A system can exhibit
properties that produce
behaviors which are distinct from the properties and behaviors of its parts; these system-wide or
global
properties and behaviors are characteristics of how the system
interacts with or appears to its environment, or of how its parts behave
(say, in response to external stimuli) by virtue of being within the
system. The notion of
behavior implies that the study of systems is also concerned with processes that take place over time (or, in
mathematics, some other
phase space parameterization). Because of their broad, interdisciplinary applicability, systems concepts play a central role in complex systems.

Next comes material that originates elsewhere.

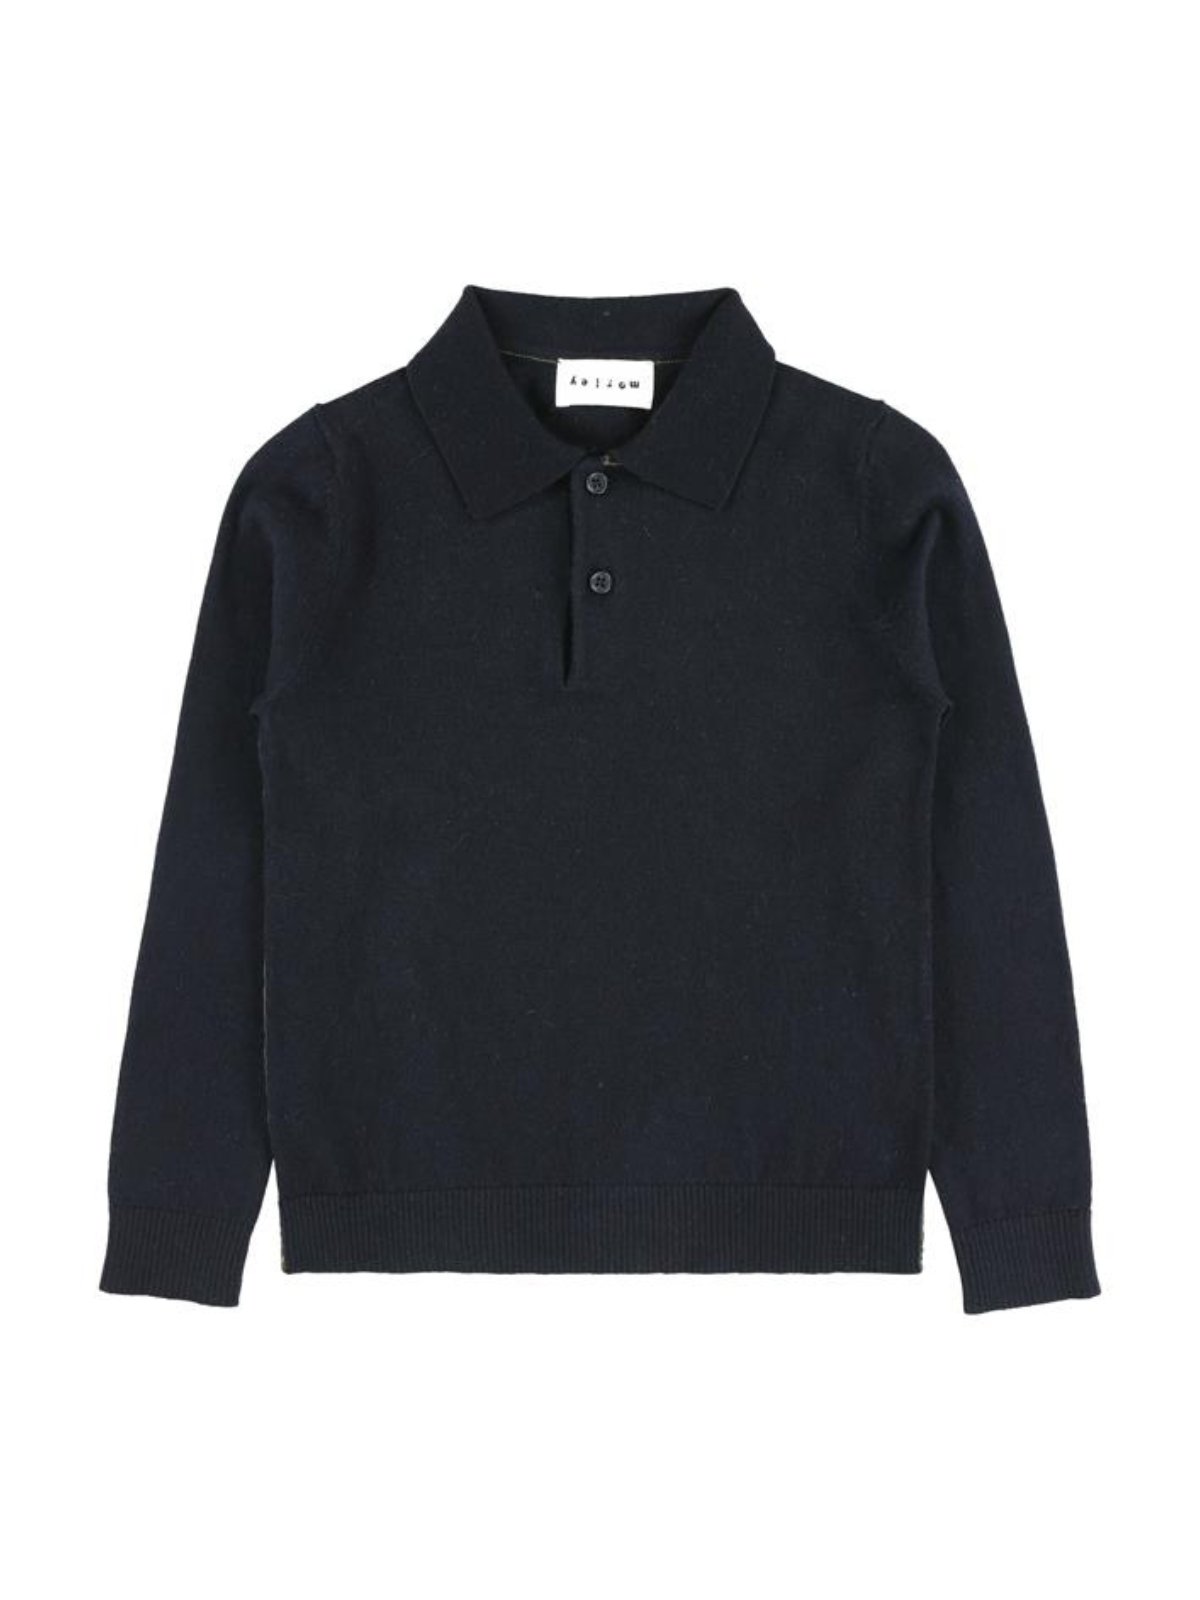 Donato Black Knit Buttonless Long Sleeve Polo With White Stripe Detail –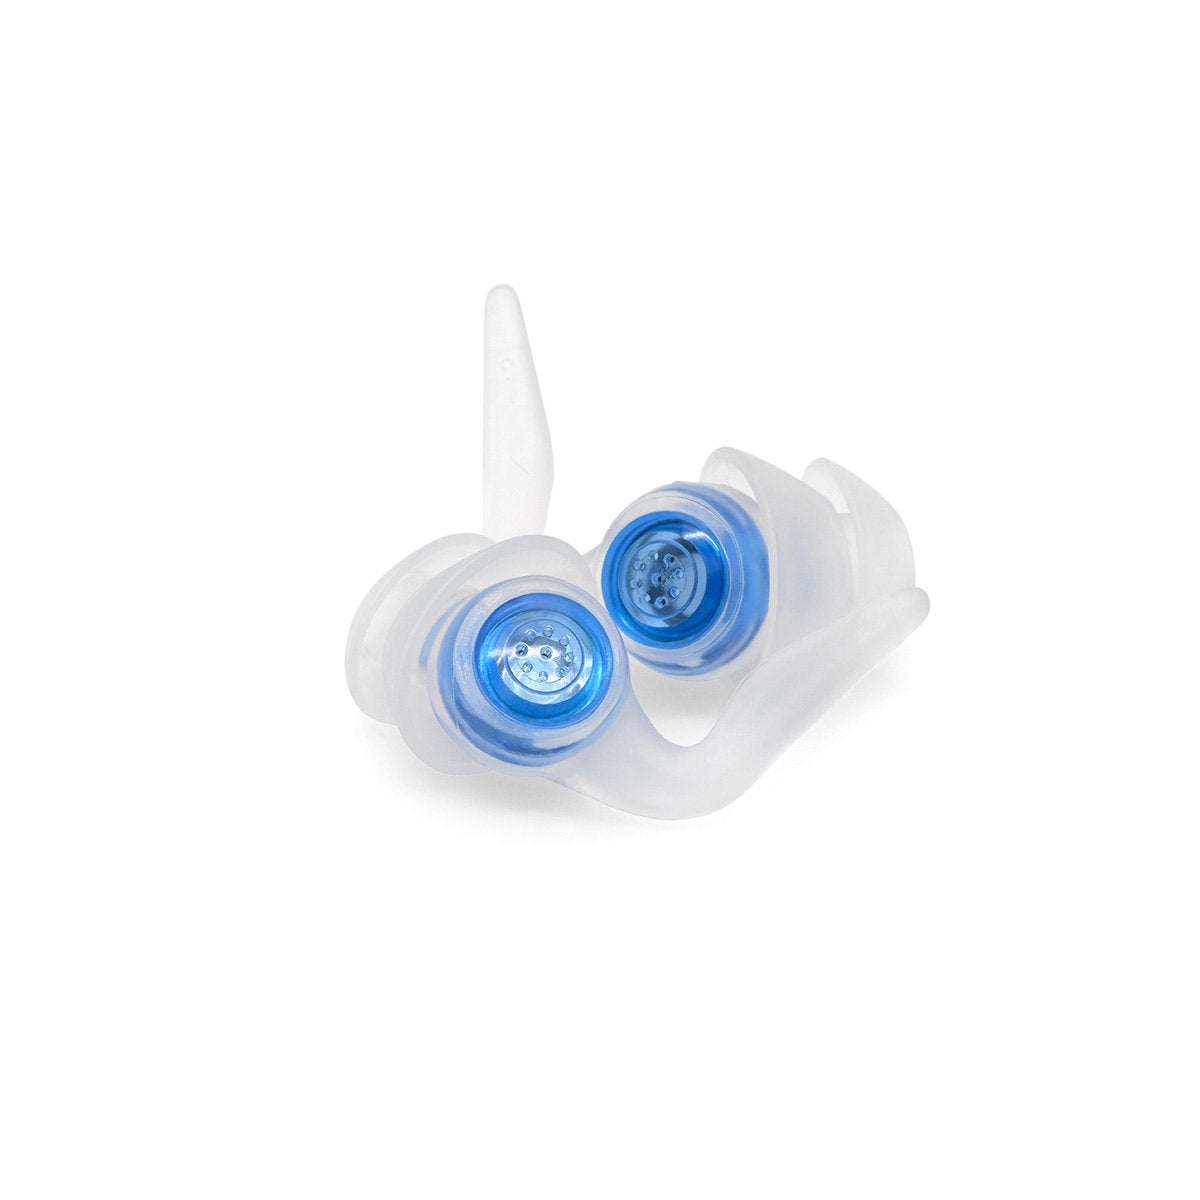 ADV. Eartune Ergo U Ear Plugs for Musicians and Concert

As a field of study, complex systems is a subset of
systems theory.
General systems theory focuses similarly on the collective behaviors of
interacting entities, but it studies a much broader class of systems,
including non-complex systems where traditional reductionist approaches
may remain viable. Indeed, systems theory seeks to explore and describe
all
classes of systems, and the invention of categories that are useful to
researchers across widely varying fields is one of systems theory's main
objectives.
As it relates to complex systems, systems theory contributes an
emphasis on the way relationships and dependencies between a system's
parts can determine system-wide properties. It also contributes the
interdisciplinary perspective of the study of complex systems: the
notion that shared properties link systems across disciplines,
justifying the pursuit of modeling approaches applicable to complex
systems wherever they appear. Specific concepts important to complex
systems, such as emergence, feedback loops, and adaptation, also
originate in systems theory.
Complexity
Systems
exhibit complexity when difficulties with modeling them are endemic.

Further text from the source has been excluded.